The Rhode Island Senate this year passed a ban on single-use plastic bags, but the legislation stalled in the House. These bags are typically used at supermarkets and convenience stores, and degrade into small pieces called “microplastics” that are now found in all state waterways.
“The biggest challenge in all of this is behavior,” Hamblett said. “We have become a throw-away society. People need to be aware of the impacts of their actions and even call out others who are littering.”
In addition to coastal cleanups, Save The Bay marks catch basins with messaging to remind people “Don’t Dump. Drains to the Bay,” to raise awareness.
July Lewis, volunteer and internship manager at Save The Bay, said people have always littered. She admits it’s a complex issue with no easy solution. The group has thousands of volunteers who participate in international cleanup efforts where they document every item they pick up.
“It’s a good question about responsibility, but one quick answer to that is no one person can do it,” she said. “It’s too big of a problem.”
Alica Lehrer, executive director for the Woonsaquatucket Watershed Council, cleans up the Greenway Bike Path and parts of the Providence River. They operate a trash skimmer that picks up a minimal amount of debris on the Providence River near the Fox Point Hurricane Barrier.
“We do it because it’s the right thing to do,” Lehner said. “As an environmental nonprofit it’s our mission to create wonderful livable communities. Trash is one of those things that makes it really a horrible place to live.”

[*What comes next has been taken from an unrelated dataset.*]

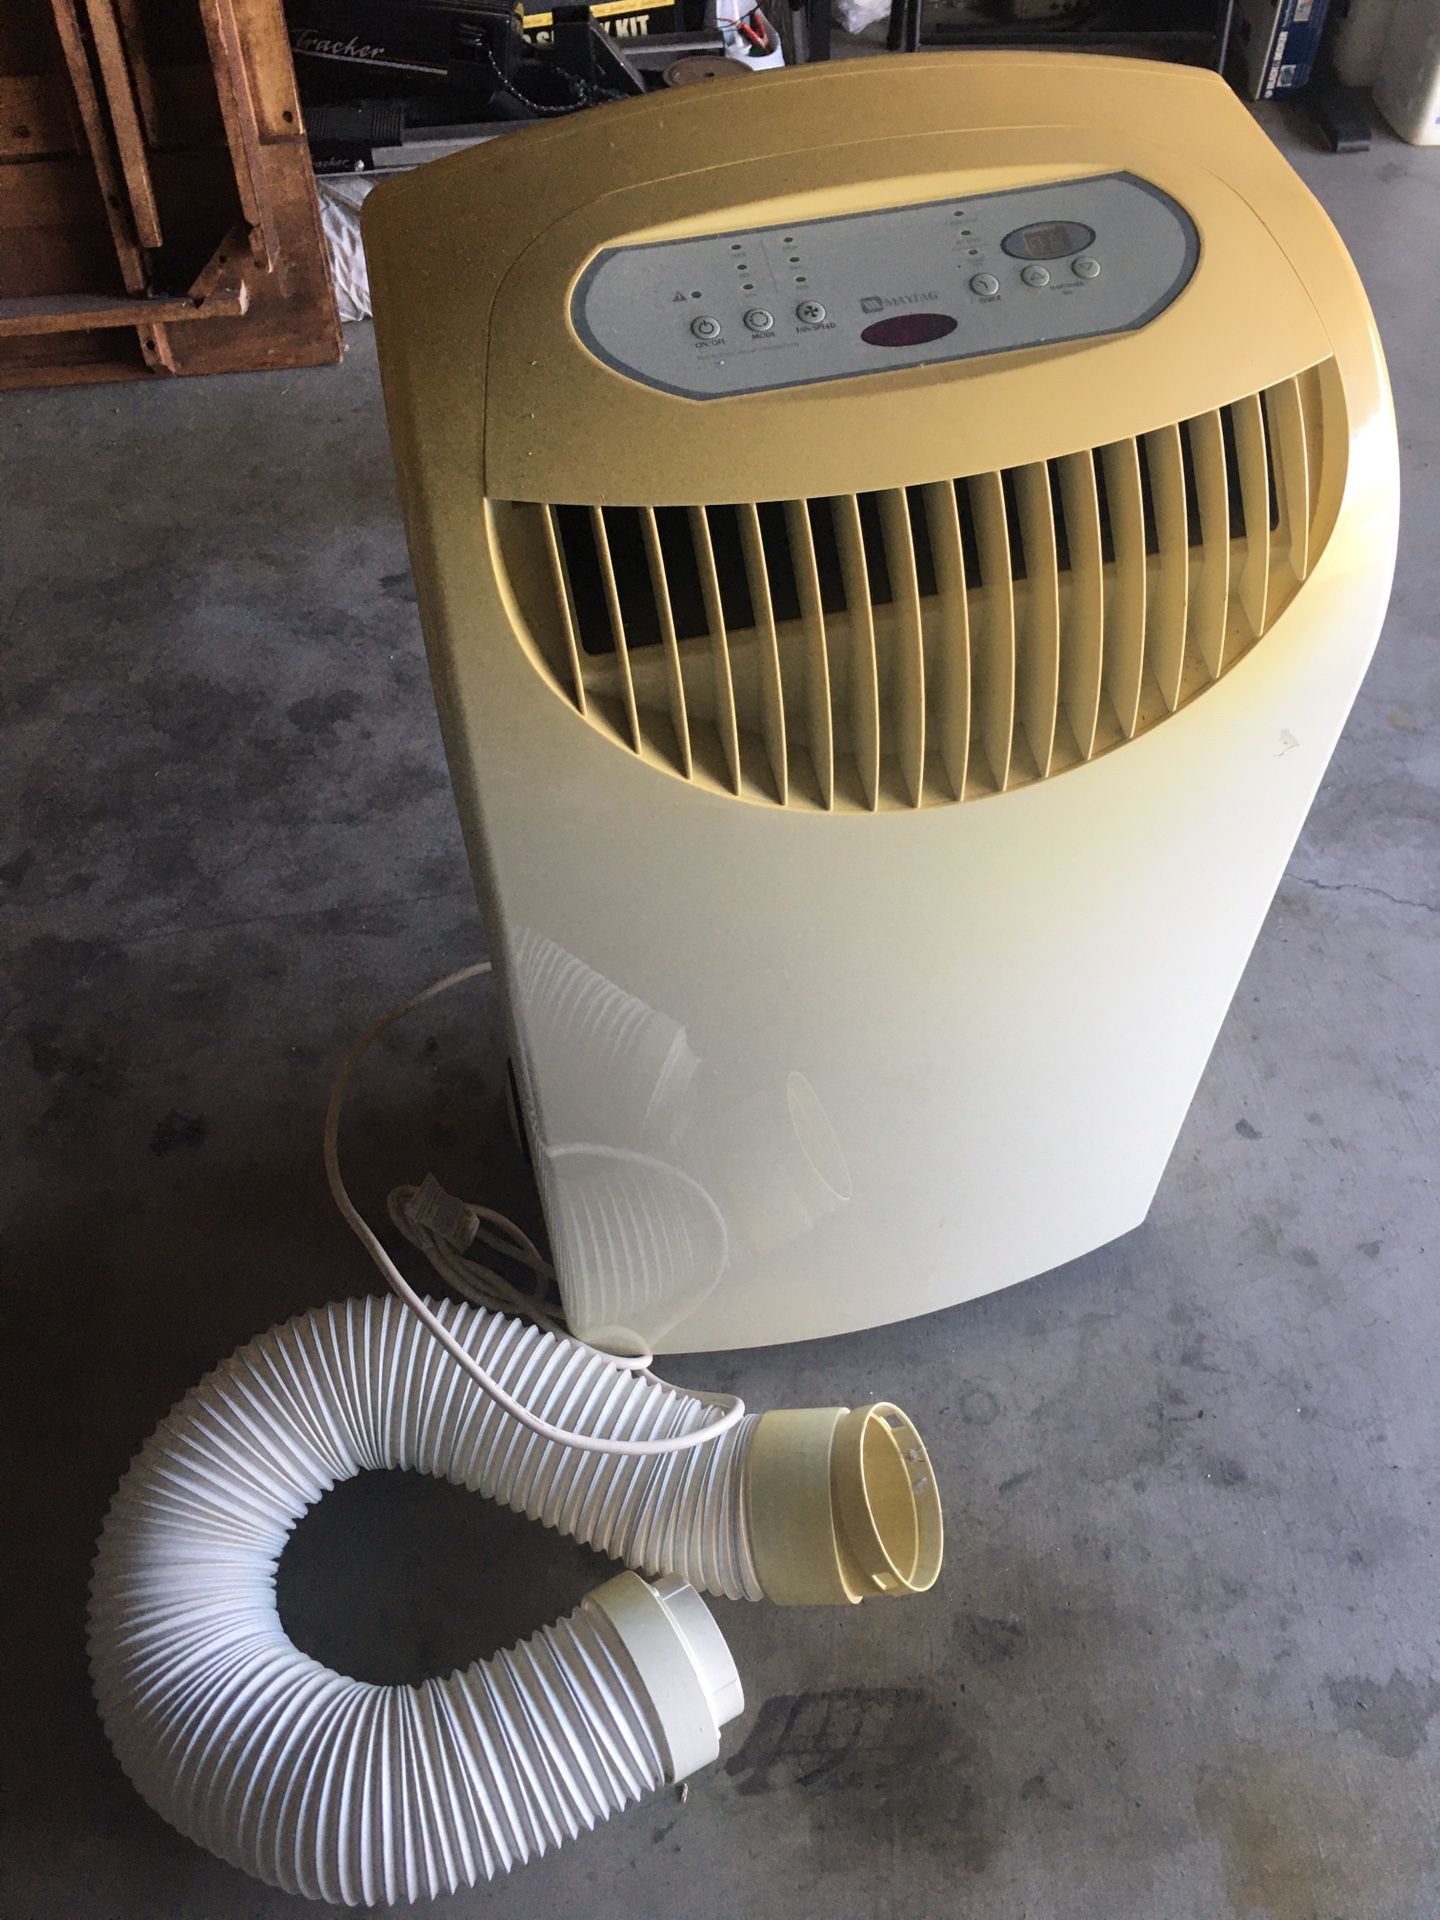 Black And Decker Portable Air Conditioner 8,000 BTU for Sale in Sunnyvale,  CA - OfferUp

Johnathan Berard, the R.I. director for Clean Water Action, said the lack of legal mechanisms has left everyone pointing fingers at other people to handle trash pollution. His group is pushing for policies to keep trash out of the waterways, and on the back end do cleanups.
“All of the blame falls to end-users,” Berard said. “If only people wouldn’t litter, if only people recycled properly, if only we had a better wastewater infrastructure. It’s all end-of-pipe solutions and they don’t work.”